Летчик скосил взгляд. На соседней кровати полулежал тощий небритый человек в серой пижаме, похоже, перешитой из старого халата. На кривой тумбочке рядом с ним, в баночке из-под ваксы, трепетал огонек свечки, такой же тощей и скособоченной, как и ее владелец. Человек в пижаме зажимал пальцем как закладкой страницы большой красивой книги. На обложке яркими буквами выделялось название — «Крюшоны и пунши для немецкой армии в полевых условиях и на маневрах».[114]Этот предмет настолько не вязался со всем окружающим, что казался чужеродным куском совершенно другой жизни. Будто из красивой рождественской открытки аккуратно вырезали отрывок и приклеили к старой затертой фотографии, пожелтевшей и выцветшей от времени.

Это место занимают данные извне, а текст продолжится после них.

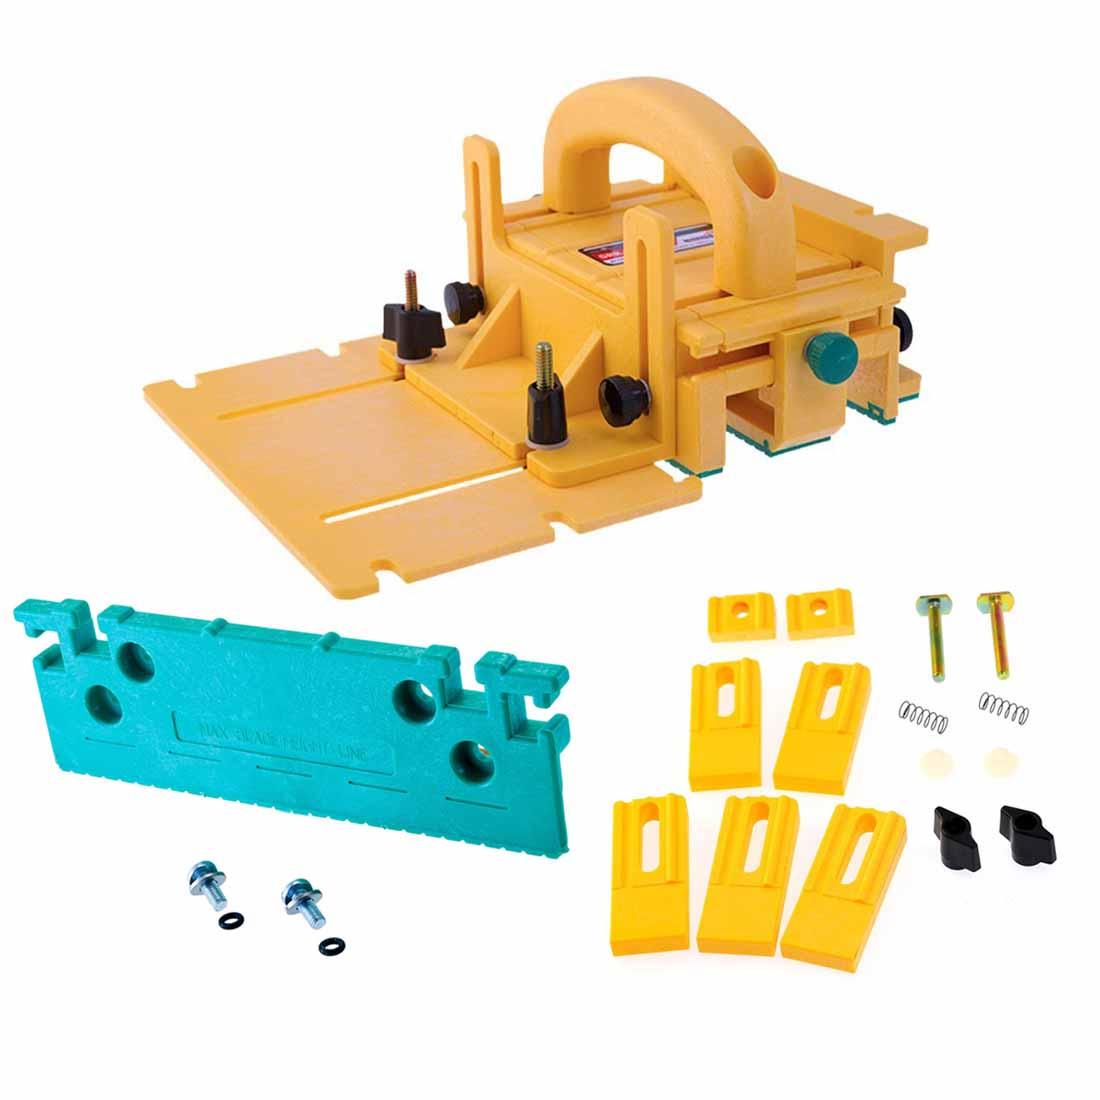 Microjig Grr-Ripper Advanced 3D Pushblock with 1/8-Inch Leg & Gravity Heel Kit

— Ага, — отозвался человек в пижаме, перехватив взгляд Рудольфа. — Сам не попью, так хоть почитаю, как красиво люди жили.
— Ты… кто? — Ничего другого на ум летчику не пришло. Говорить было трудно, питье немного облегчило страдания, но в горле все равно горело и першило.
— Я-то? Франц Хенсен, сто девяносто девятая дивизия, — не удивляясь, ответил собеседник. — Честная пехота, не какой-нибудь там еропланщик. Вот все зло от вас, а почему? Потому что против естества пошли! Не по природе и не по-божески, чтобы люди в небе летали, а то бы дал Всевышний не крылья, а ноги.
Тема, похоже, была для Франца привычной, он уселся поудобнее и начал детально, подробно развивать мысль о вреде технического прогресса и вообще лишнего знания. Шетцинг прикрыл глаза, пытаясь собраться с мыслями, но они терялись, тонули в потоке словоблудия говорливого соседа.